Work required
When copying the data below, keep only the lines from the one with "Adam Bandt smiling" through the one with "Resume Summary Examples", word for word, and skip the pictures.

Study material
- Opening Delimiter -
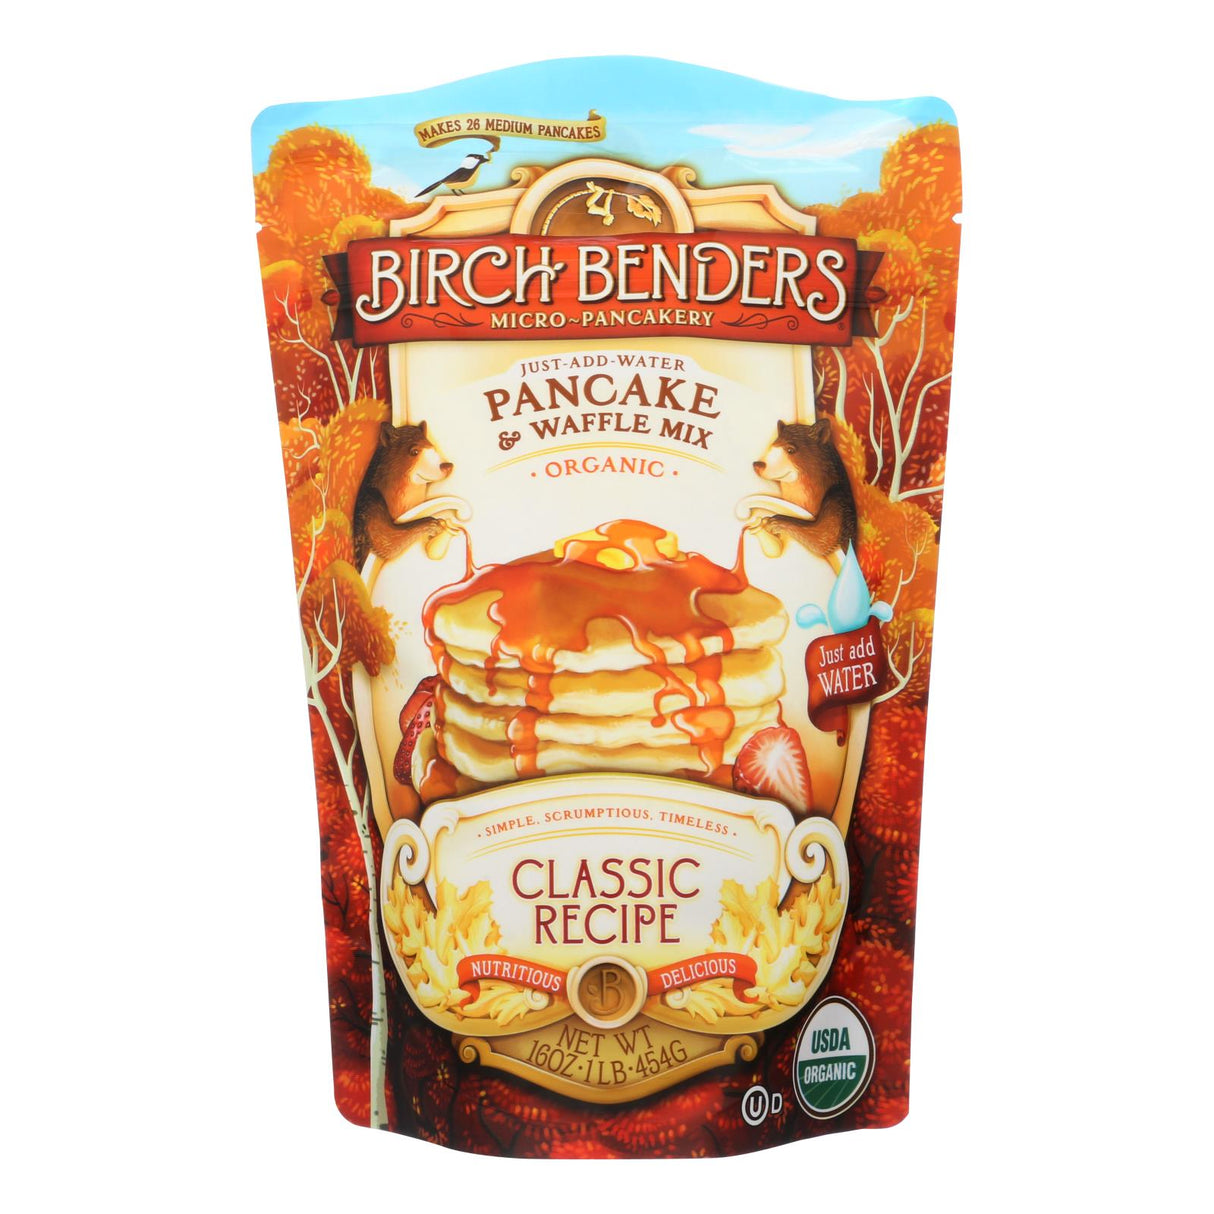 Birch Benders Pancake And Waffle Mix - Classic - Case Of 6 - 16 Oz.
- Closing Delimiter -
- Opening Delimiter -
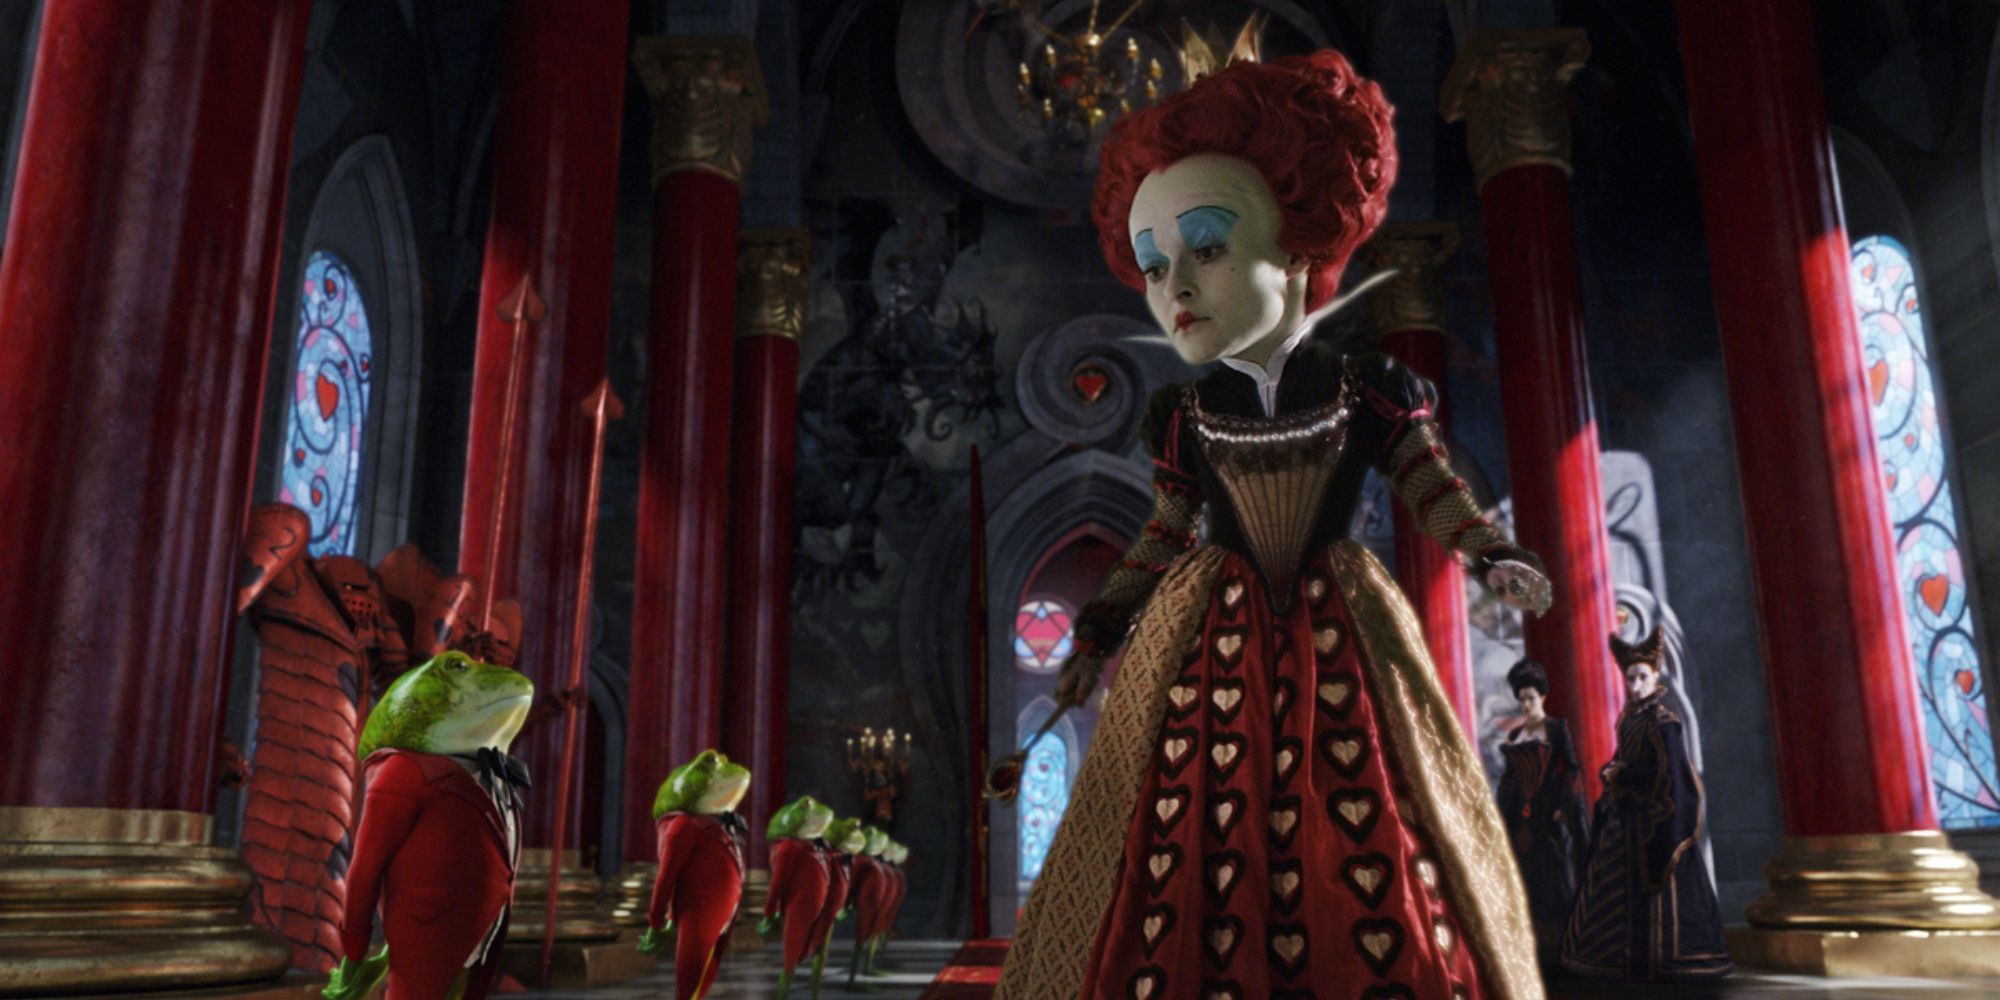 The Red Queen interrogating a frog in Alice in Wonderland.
- Closing Delimiter -
- Opening Delimiter -
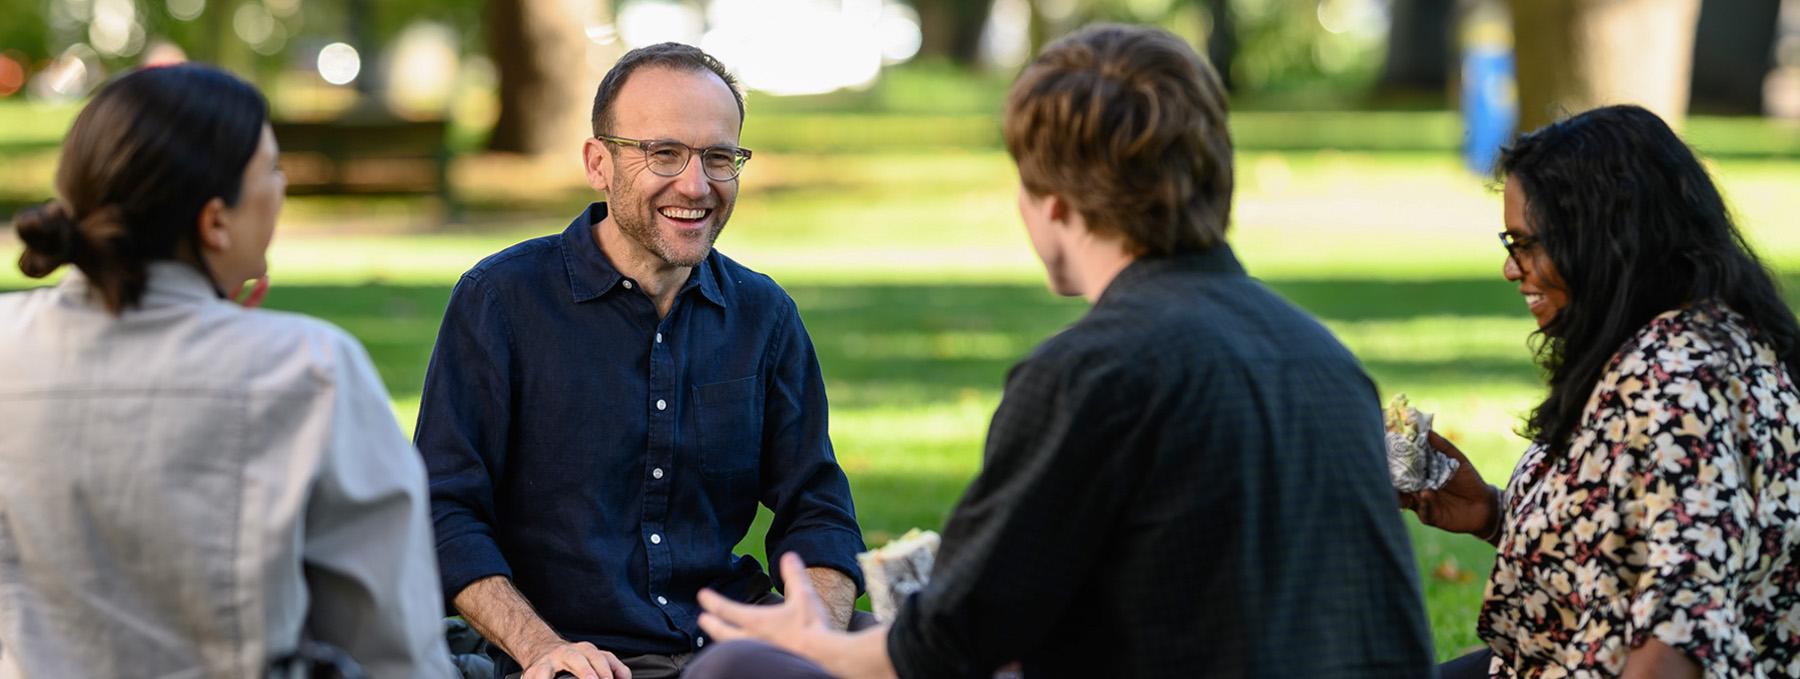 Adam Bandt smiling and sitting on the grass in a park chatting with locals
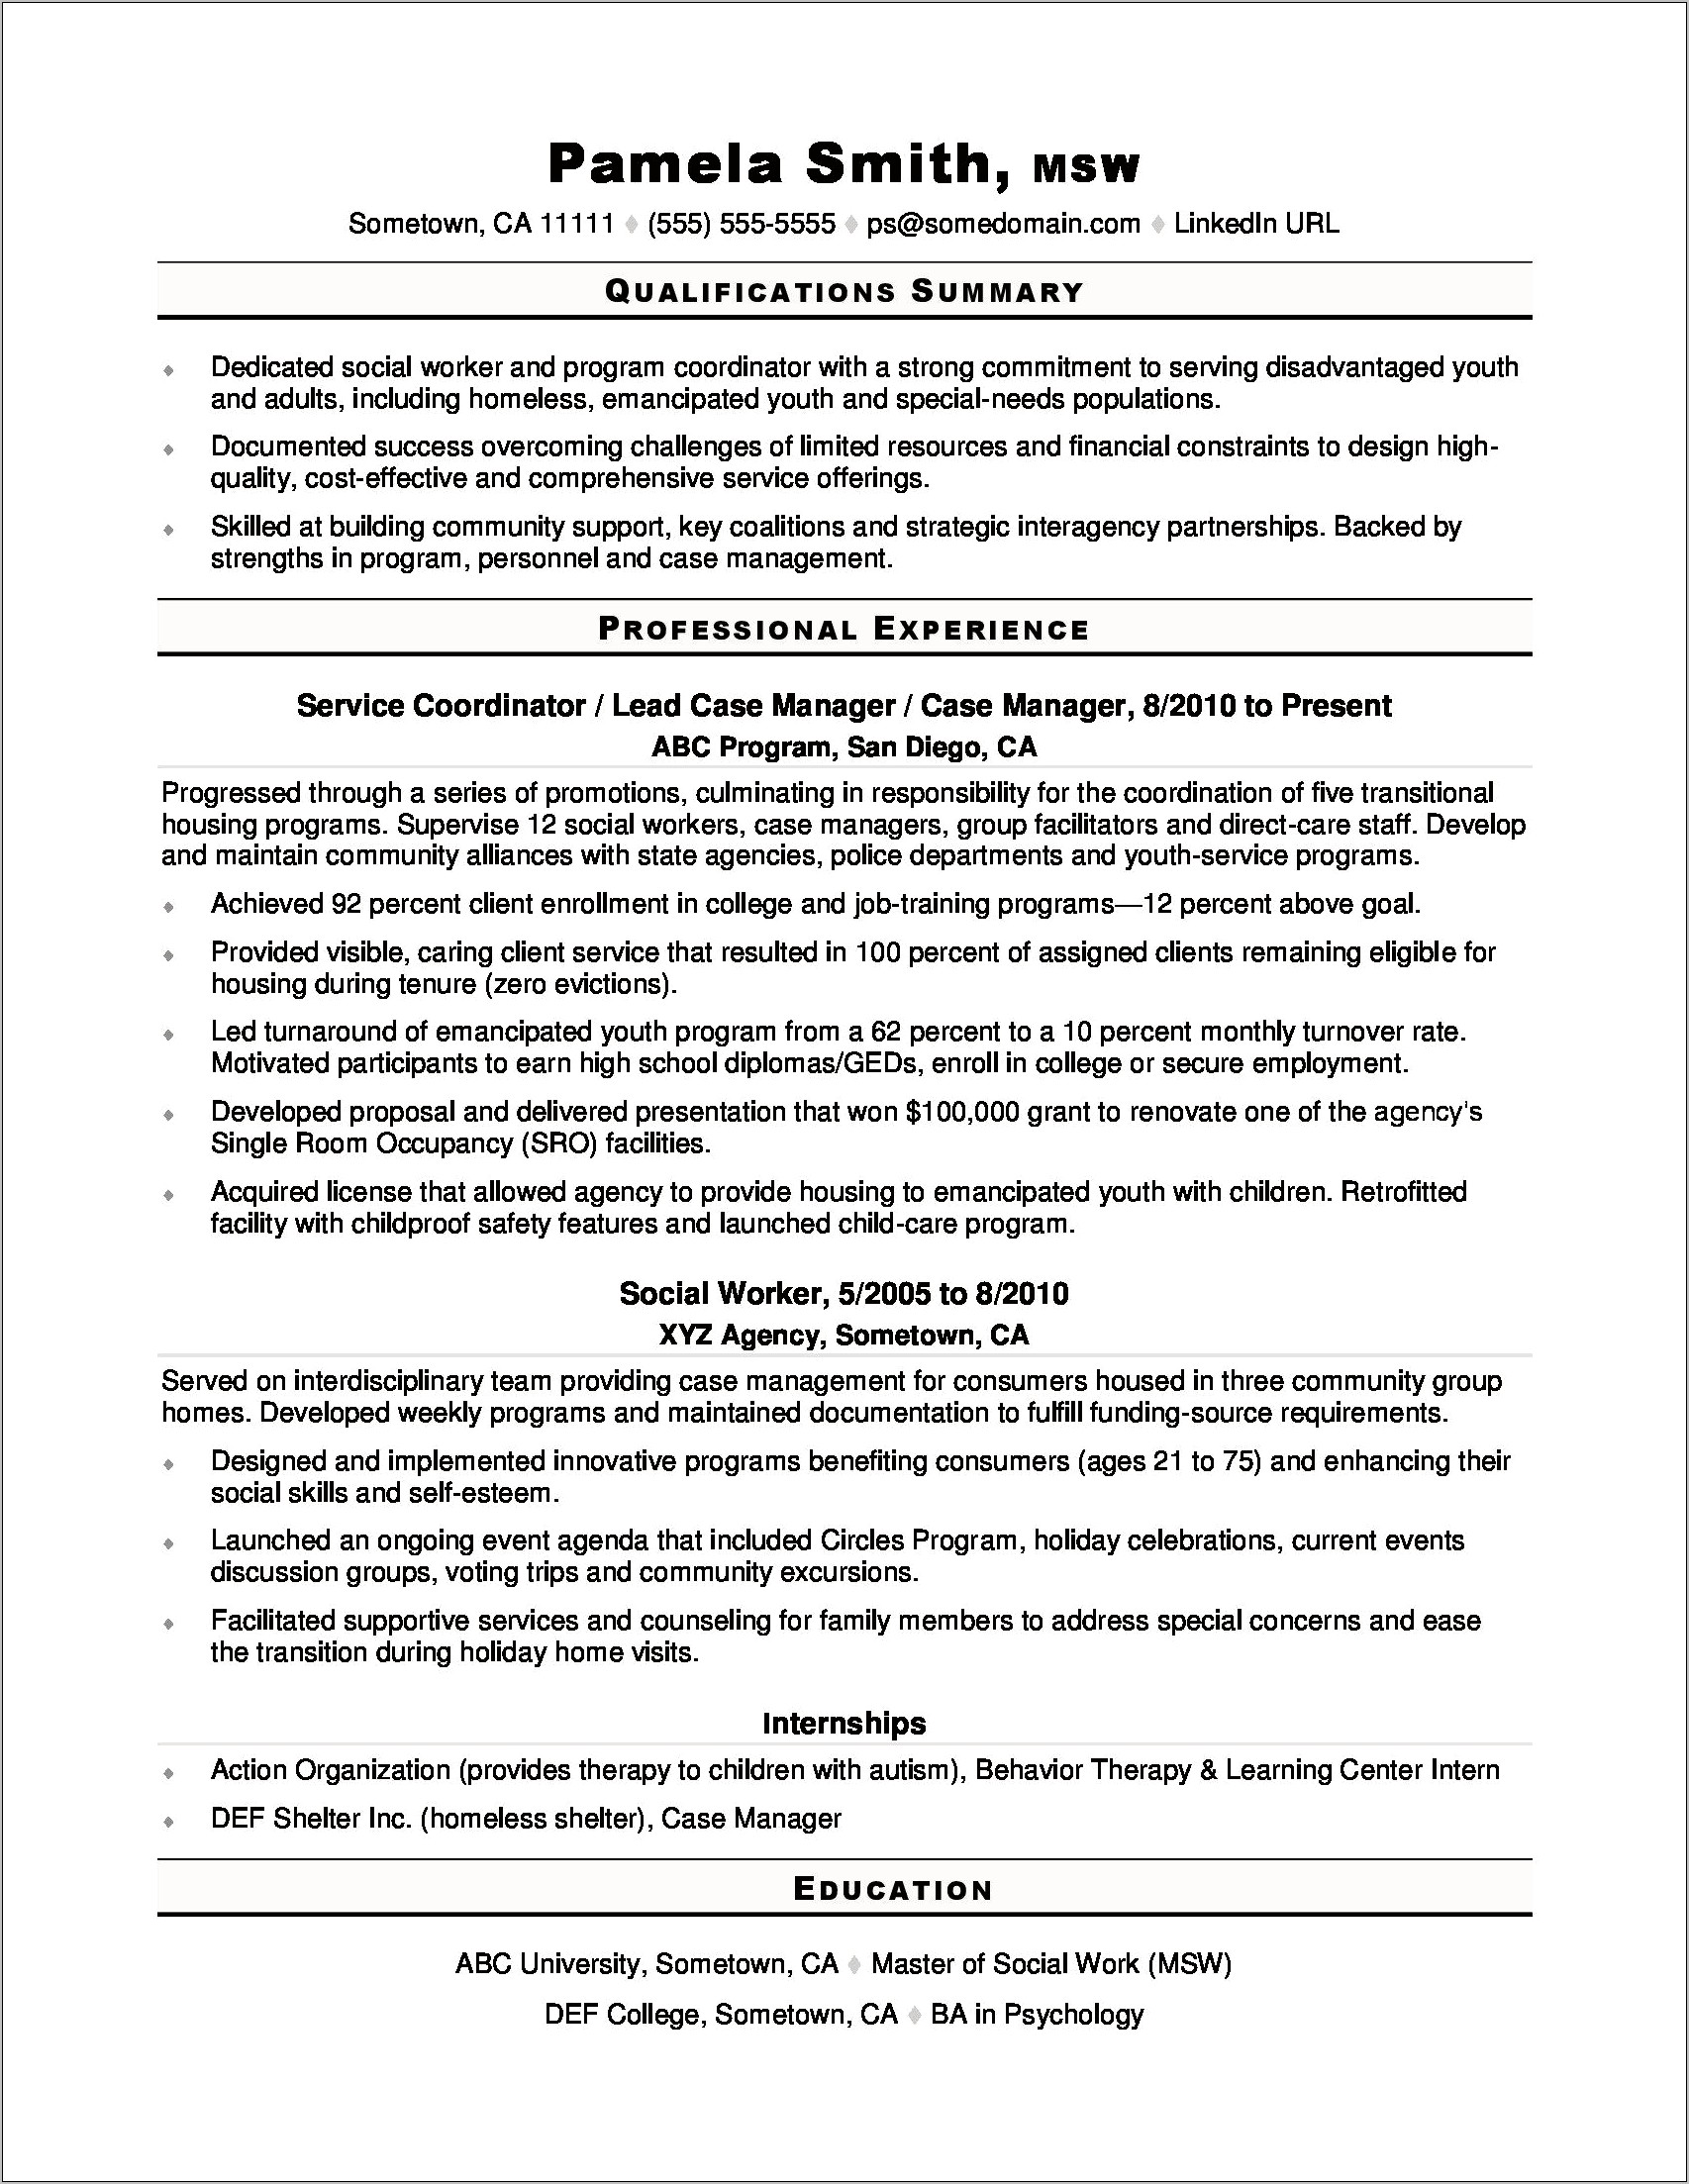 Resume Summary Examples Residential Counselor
- Closing Delimiter -
Exercise solution
 Adam Bandt smiling and sitting on the grass in a park chatting with locals
 Resume Summary Examples Residential Counselor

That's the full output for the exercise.